Real workloads do not scale perfectly on an SMP system.

Some factors that inhibit perfect scaling are as follows:

Bus/switch contention increases while the number of processors increases
Memory contention increases (all the memory is shared by all the processors)
Increased cost of cache misses as memory gets farther away
Cache cross-invalidates and reads from another cache to maintain cache coherency
Increased cache misses because of higher dispatching rates (more processes/threads need to be dispatched on the system)
Increased cost of synchronization instructions
Increased cache misses because of larger operating system and application data structures
Increased operating system and application path lengths for lock-unlock
Increased operating system and application path lengths waiting for locks

All of these factors contribute to what is called the scalability of a workload. Scalability is the degree to which workload throughput benefits from the availability of additional processors. It is usually expressed as the quotient of the throughput of the workload on a multiprocessor divided by the throughput on a comparable uniprocessor.

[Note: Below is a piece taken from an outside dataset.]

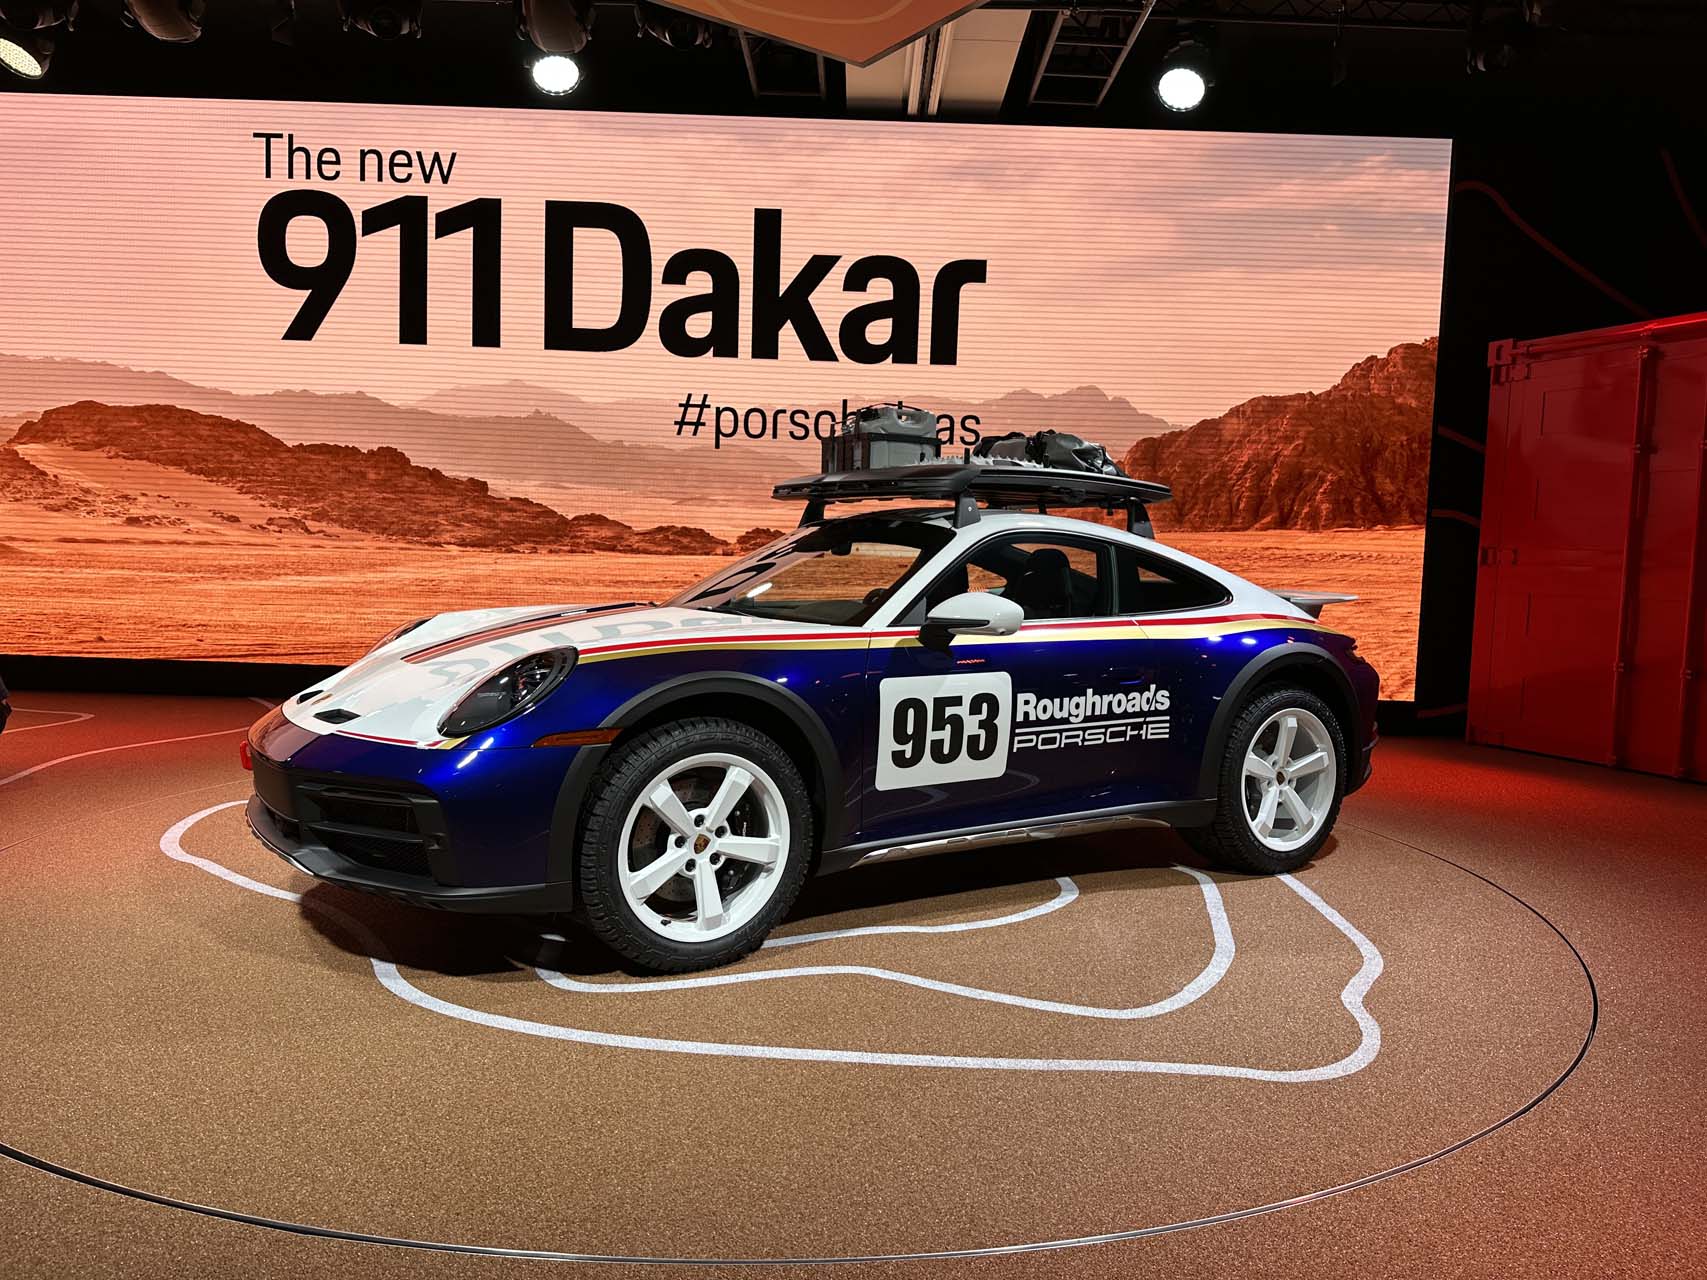 2023 Porsche 911 Dakar makes the offroad sports car mashup a reality

For example, if a uniprocessor achieved 20 requests per second on a given workload and a four-processor system achieved 58 requests per second, the scaling factor would be 2.9. That workload is highly scalable. A workload that consisted exclusively of long-running, compute-intensive programs with negligible I/O or other kernel activity and no shared data might approach a scaling factor of 3.2 to 3.9 on a 4-way system. However, most real-world workloads would not. Because scalability is very difficult to estimate, scalability assumptions should be based on measurements of authentic workloads.

The following figure illustrates the problems of scaling. The workload consists of a series of hypothetical commands. Each command is about one-third normal processing, one-third I/O wait, and one-third processing with a lock held. On the uniprocessor, only one command can actually be processing at a time, regardless of whether the lock is held. In the time interval shown (five times the standalone execution time of the command), the uniprocessor handles 7.67 of the commands.

Figure 1. Multiprocessor Scaling. This figure illustrates the problems of scaling. The workload consists of a series of hypothetical commands. Each command is about one-third normal processing, one-third I/O wait, and one-third processing with a lock held. On the uniprocessor, only one command can actually be processing at a time, regardless of whether the lock is held. In the same time interval, the uniprocessor handles 7.67 of the commands. In that same period, the multiprocessor handles 14 commands for a scaling factor of 1.83..

On the multiprocessor, two processors handle program execution, but there is still only one lock. For simplicity, all of the lock contention is shown affecting processor B. In the period shown, the multiprocessor handles 14 commands. The scaling factor is thus 1.83. We stop at two processors because more would not change the situation. The lock is now in use 100 percent of the time. In a four-way multiprocessor, the scaling factor would be 1.83 or less.

Real programs are seldom as symmetrical as the commands in the illustration. In addition we have only taken into account one dimension of contention: locking. If we had included cache-coherency and processor-affinity effects, the scaling factor would almost certainly be lower.

This example illustrates that workloads often cannot be made to run faster simply by adding processors. It is also necessary to identify and minimize the sources of contention among the threads.

Scaling is workload-dependent. Some published benchmark results imply that high levels of scalability are easy to achieve. Most such benchmarks are constructed by running combinations of small, CPU-intensive programs that use almost no kernel services. These benchmark results represent an upper bound on scalability, not a realistic expectation.

Another interesting point to note for benchmarks is that in general, a one-way SMP will run slower (about 5-15 percent) than the equivalent uniprocessor running the UP version of the operating system.